At Yong Loo Lin School of Medicine in NUS, the Centre for Healthcare Simulation (CHS) is also working to expand the use of VR apps in its training with the objective of bringing a reduction in the use of cadavers in training.

CHS is also working on a new Virtual Interactive Simulation Environment (VISE) that will provide a 3D virtual environment platform that caters for multiple trainees at the same time. “The use of VR also means that we don't have to physically create the scenario – for example, in the case of a mass-casualty situation,” said Associate Professor Suresh Pillai of the Yong Loo Lin School of Medicine’s CHS.

The technology could simulate a whole range of scenarios including a mass-vehicle accident or an industrial incident, where trainees can safely experience multiple issues that need urgent and accurate triage responses.

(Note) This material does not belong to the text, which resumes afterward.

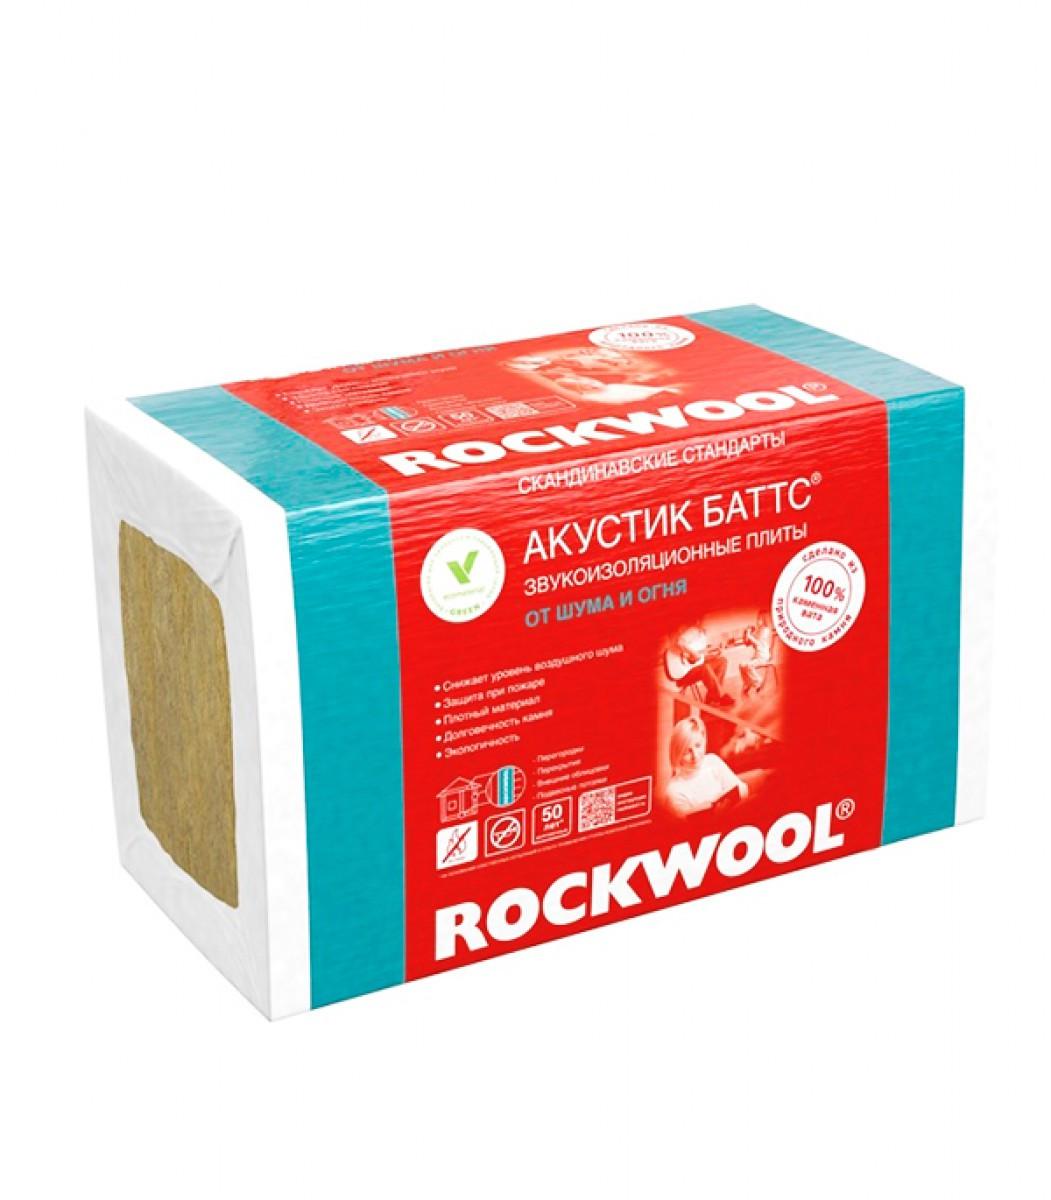 Шумоизоляция rockwool акустик баттс технические характеристики

Lim Chee Kean, CEO of Singapore-based Internet-of-Things enterprise Ascent Solutions noted that this new VR approach offers multiple benefits, such as being cost-effective; safe; and providing the closest thing to realism in clinical education and training of healthcare professionals. “It will allow both basic procedural skills and difficult surgical procedures to be practised and [repeatedly] rehearsed to improve performance in real-life situations.”

But researchers are not only looking at critical care or emergency scenarios. Earlier this year, Singapore hosted the Asia-Pacific Meeting on Simulation in Healthcare, where researchers discussed the latest developments in medical VR including its use in non life-threatening scenarios.

In reconstructive surgery, the use of VR offers a whole new platform for allowing patients to see the potential outcome of any operation – and to even have a say in the process. Crippling yet non-life-threatening conditions, such as agoraphobia (an extreme or irrational fear of public places) and chronic acute anxiety, are also being investigated as likely candidates for virtual treatments. The use of VR allows non-threatening yet infinitely controllable conditioning based on virtual environments – and can even be extended to common problems like breastfeeding, to virtually prepare would-be mothers for potential challenges that may arise and reduce instances of post-partum depression.

“In the field of medical and surgical skills training, Singapore has been and continues to be a focal point for training in the region,” noted Professor Ooi. “And Academia, which is Singhealth’s education and research building, houses probably one of the largest and most comprehensive skills training centre in the world.”

Looking ahead to the future, Minister for Communications and Information Dr Yaacob Ibrahim said that Singapore is well-placed to thrive in this digital economy. “IMDA will not confine its efforts to the infocomm and media sector, but work on every sector which can benefit from using infocomm and media better,” he said at the launch of the IMDA in September.